Tombstones vs. Logcat Crashes
It's important to understand the difference between these two types of crash reports.
| Aspect | Logcat Crash Report | Tombstone File |
|---|---|---|
| Cause | An unhandled exception in Java or Kotlin code. | A fatal signal (e.g., SIGSEGV) from the kernel due to an error in native (C/C++) code. |
| Location | Printed to the Logcat crash buffer. | Written to a file in `/data/tombstones/`. |
| Content | Java/Kotlin stack trace, exception type, and message. | A full process dump: register state, memory map, native backtrace, etc. |
| Debugging | Relatively straightforward to read directly. | Requires symbolication with debugging symbols to be fully understood. |
For a detailed walkthrough of debugging native crashes, the official Android Developer documentation is an excellent resource.

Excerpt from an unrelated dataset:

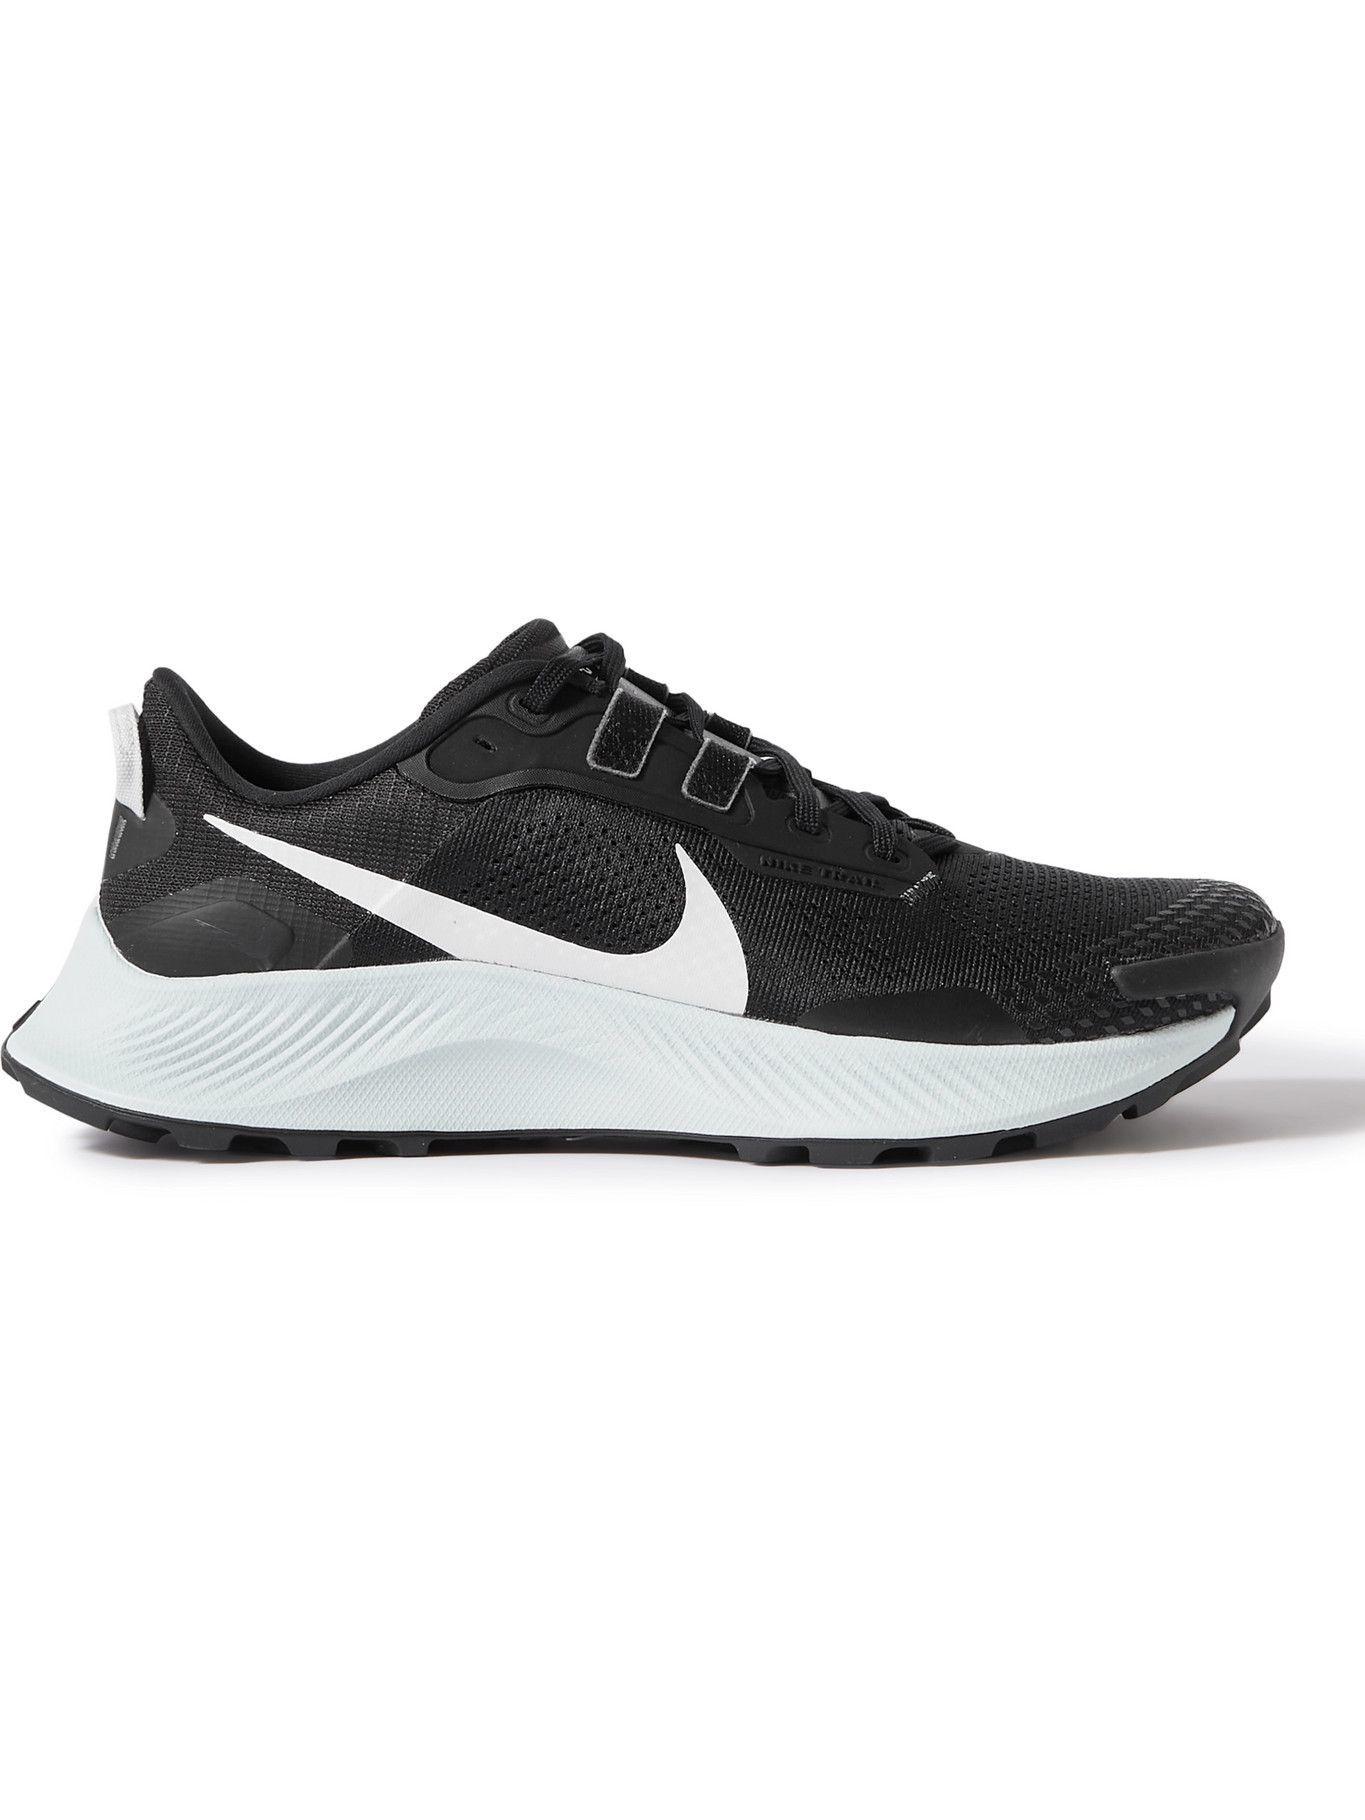 Photo: Nike Running - Pegasus Trail 3 Mesh and Rubber Sneakers - Black

Frequently Asked Questions
How can I get tombstone files from a user's device?
Getting tombstones from a non-rooted production device is difficult for privacy and security reasons. The best approach is to use a crash reporting service that has an NDK component (like Firebase Crashlytics or Sentry). These services can capture the tombstone data at the time of the crash and upload it to a dashboard where it is automatically symbolicated for you, providing a much easier workflow for debugging native crashes in the wild.
What is an ANR (Application Not Responding) and is it related to a tombstone?
An ANR is a different type of error. It occurs when the main UI thread of an application is blocked for too long (typically 5 seconds), causing the app to become unresponsive. The system generates an ANR report, which includes stack traces of all the app's threads, and saves it in `/data/anr/`. While it's also a crash report file, it's caused by unresponsiveness, not a native code crash. However, a native deadlock or an infinite loop in native code could *cause* an ANR.
What does the name "tombstone" mean?
The name is a metaphor. Just as a tombstone in a cemetery marks the final resting place of a person and provides information about them, a tombstone file in Android marks the "death" of a process and provides detailed information about its state at the time of its demise. It's a permanent record of the crash event.
Do tombstones take up a lot of space?
A single tombstone file is a plain text file, typically a few hundred kilobytes in size. The system limits the number of tombstones it keeps (e.g., the last 32) to prevent them from filling up the device's storage. They do not pose a significant storage issue for users.